------ Data block ------

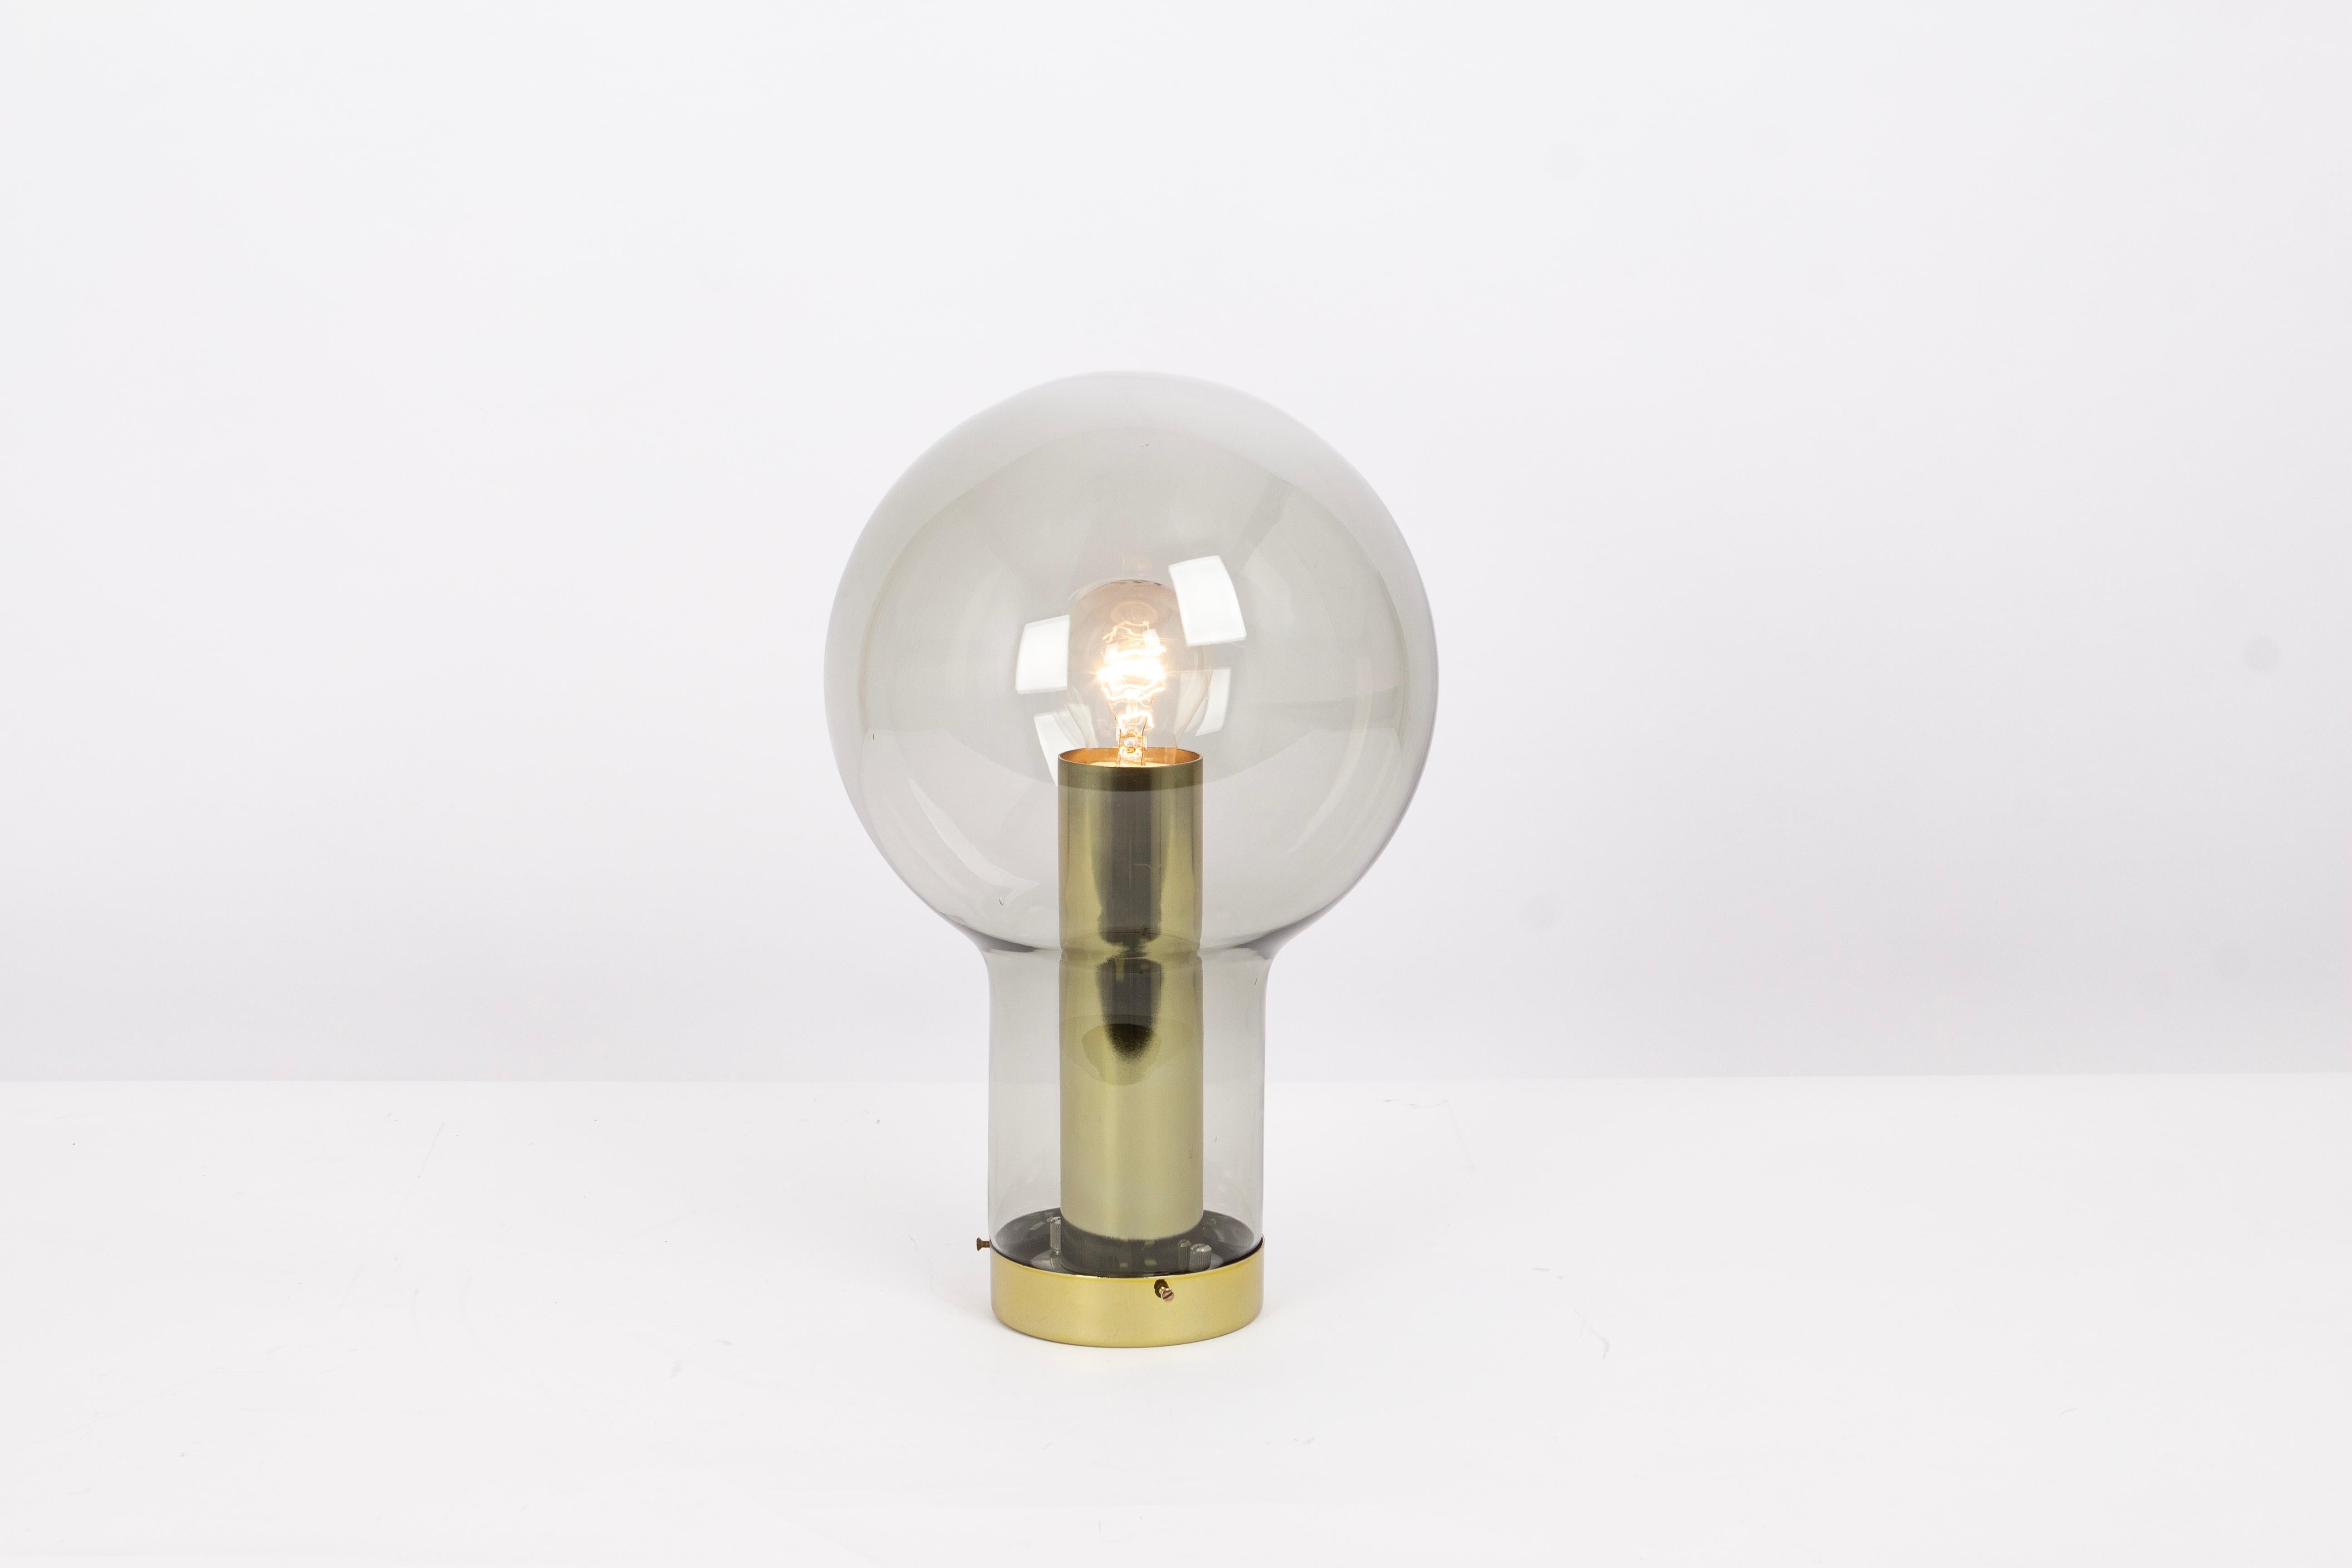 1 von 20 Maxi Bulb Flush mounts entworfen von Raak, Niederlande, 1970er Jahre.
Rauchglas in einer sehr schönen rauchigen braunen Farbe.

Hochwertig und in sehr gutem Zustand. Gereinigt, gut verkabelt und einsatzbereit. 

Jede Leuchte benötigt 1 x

------

■ Exercise details
Go through the listing above and copy each line in which the string "sehr" is found.

■ Your response
Rauchglas in einer sehr schönen rauchigen braunen Farbe.
Hochwertig und in sehr gutem Zustand. Gereinigt, gut verkabelt und einsatzbereit. 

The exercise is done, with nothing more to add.